これと同型のことが日本でも、外国人技能実習生や留学ビザで働きに来る外国人労働者でやっと成り立っている分野で起こっています。そして日本人の間でも、「高度人材」との対比でそういう言い方になるであろうところの低・中度人材が、派遣などいわゆる非正規雇用に集積し、国内格差が広がっています。「川を隔てた対岸」が暗喩におさまっているうちに当該分野の高度化を実現すべきです。
そして後段の引用については、「現実感覚に根差したアジア経済観の醸成に不可欠」の部分を、「現実感覚に根差した他者理解としてのアジア観の醸成に不可欠」と読み換えることができるはず。
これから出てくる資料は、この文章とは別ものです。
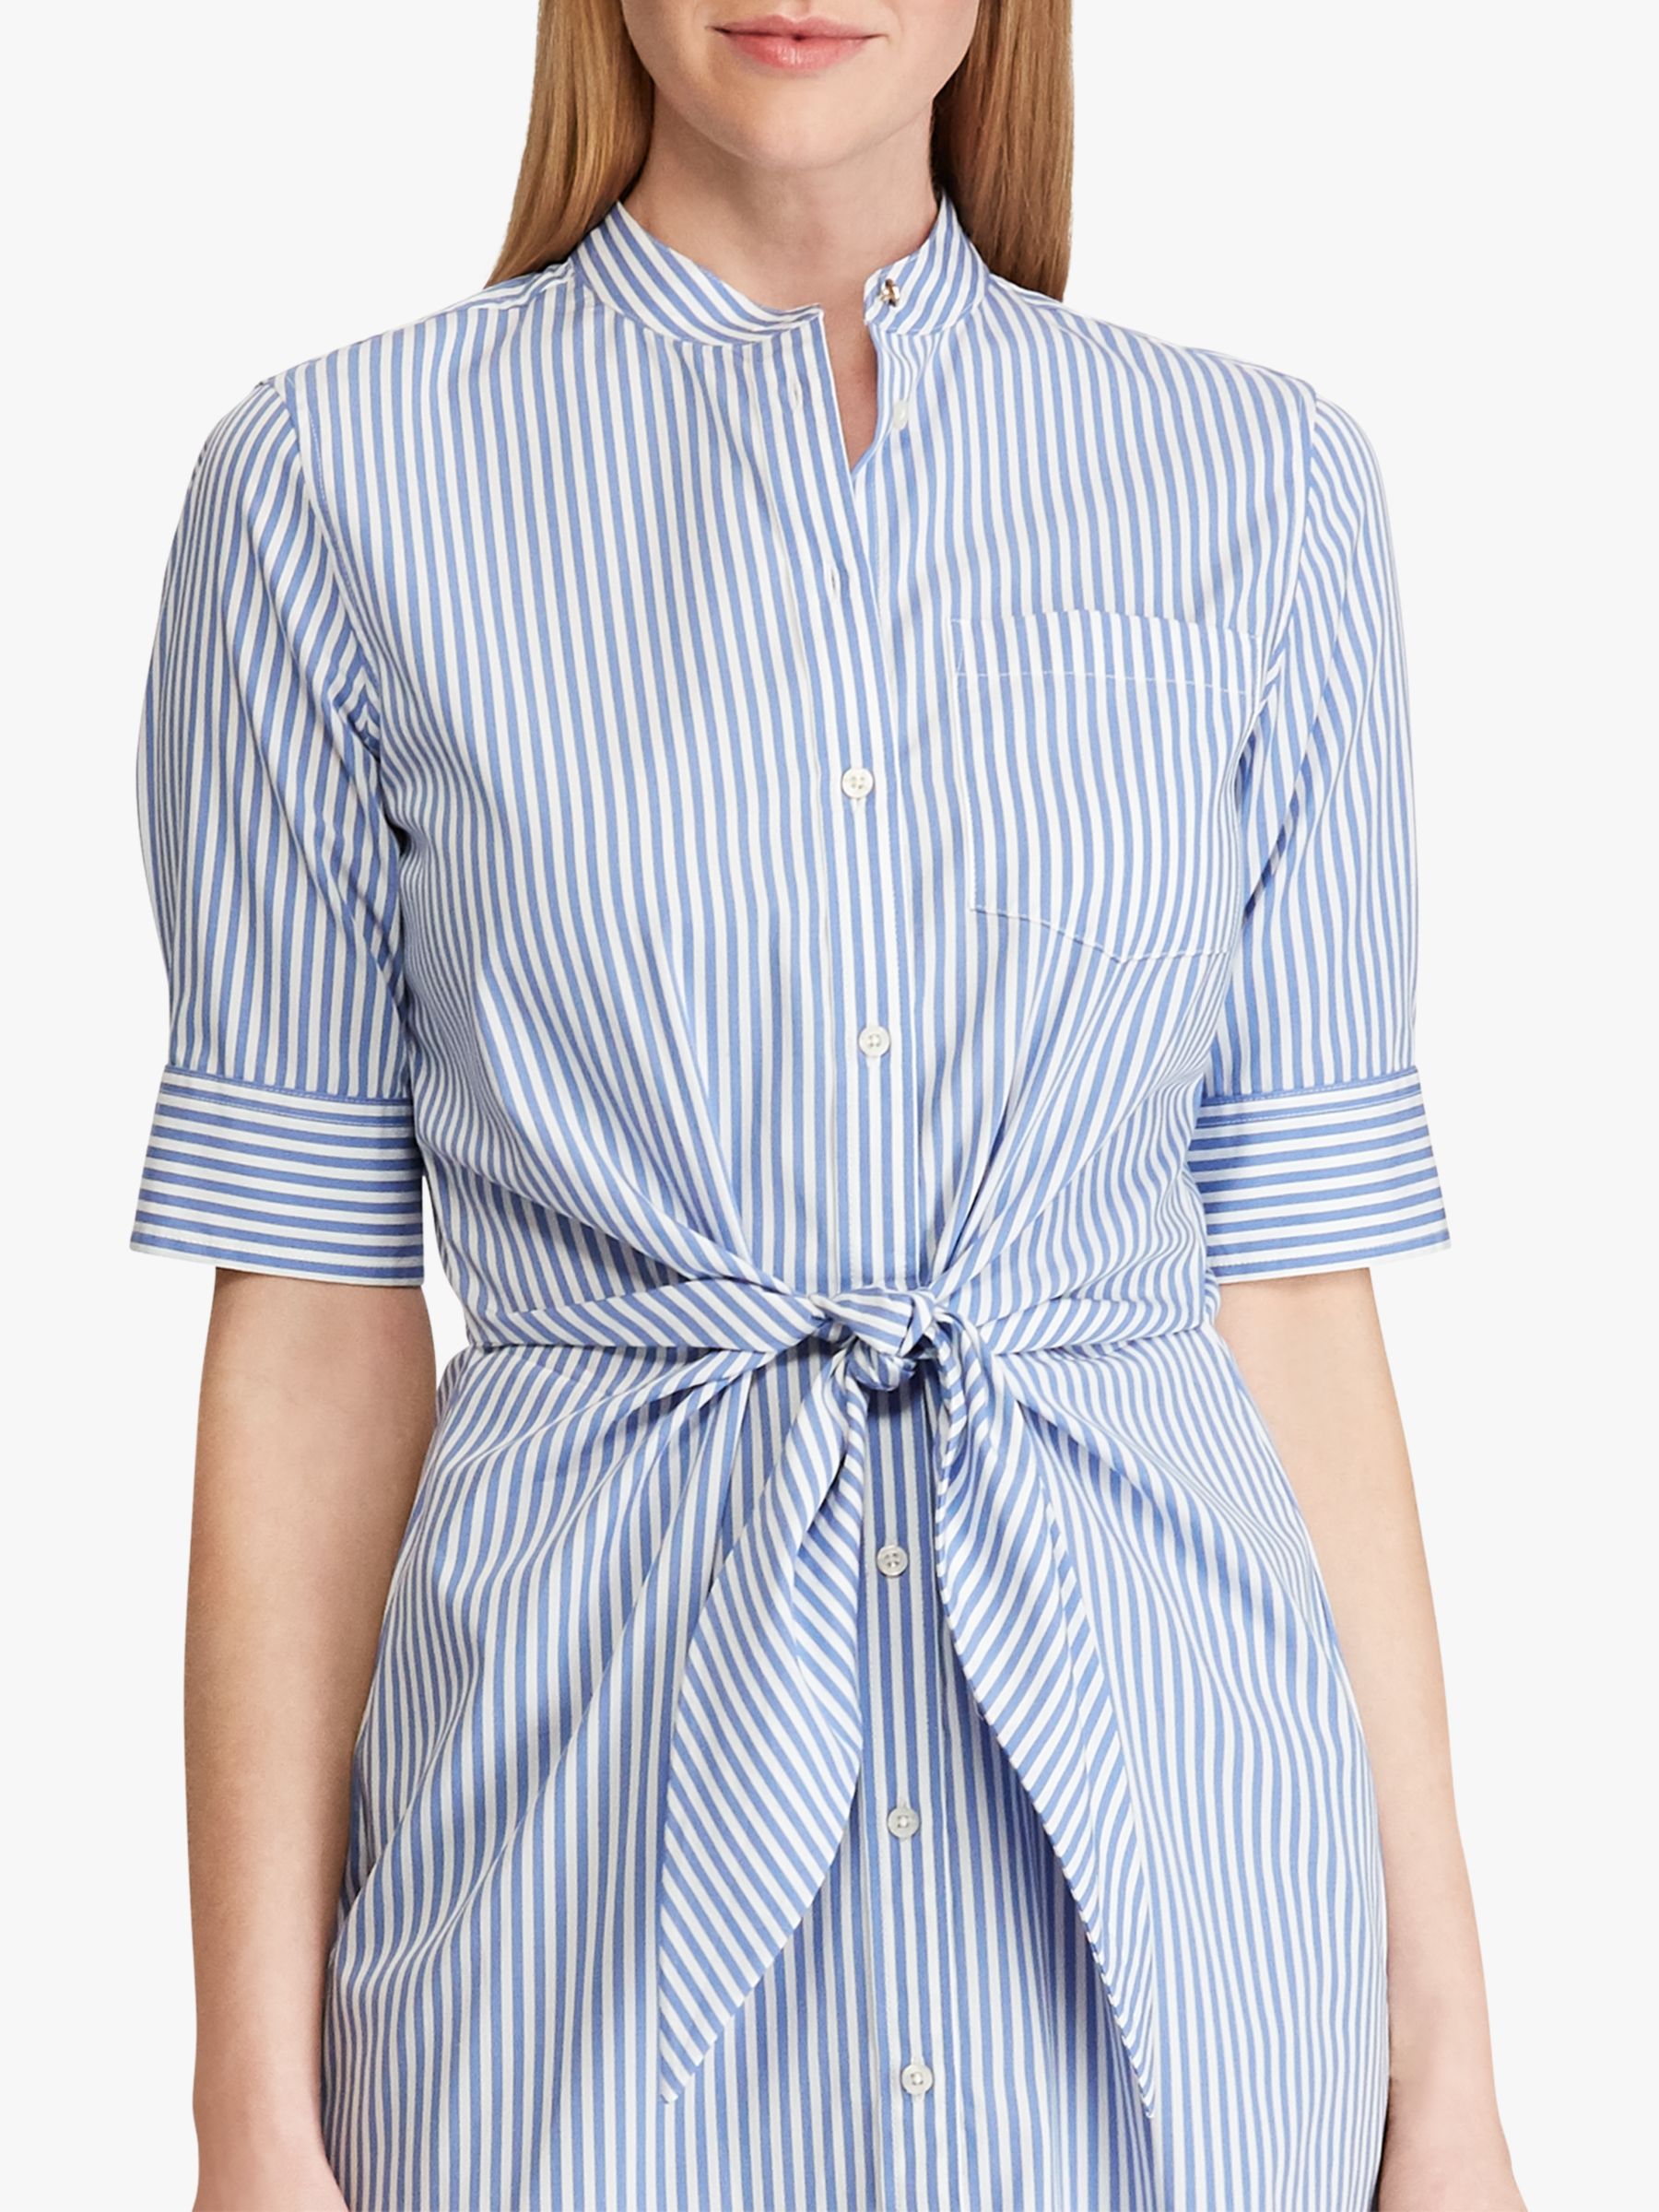 Lauren Ralph Lauren Wilda Striped Shirt Dress, Blue/White

私たちのアジア観は他者理解ベースになっているでしょうか。なっているとして、その理解は偏見やヘイトではない現実感覚に、根差しているでしょうか。自国の戦後史もまともに教えない国で――自己理解の背骨がない国で――国民に他者理解が醸成されるとは思えません。そして他者理解が醸成されないということは、自己理解において内なる他者を包摂できないということです。川の対岸を許すことができなければメンタルを病みます。メンヘラが増えるのも当然だと思います。
そのように考えると、せめて祖型なりともアジアおよびアジアの隣人たちについての他者理解を深めることは、大きな意義があると思います。本書は「経済」を切り口としてそれを助けてくれる一冊です。副題の大仰さにアレルギーを感じた人も、帯の「日本はなぜ後退したのか」のコピーに「またか」とうんざりした人も、いったんその印象は脇において、読んでみてはいかがでしょうか。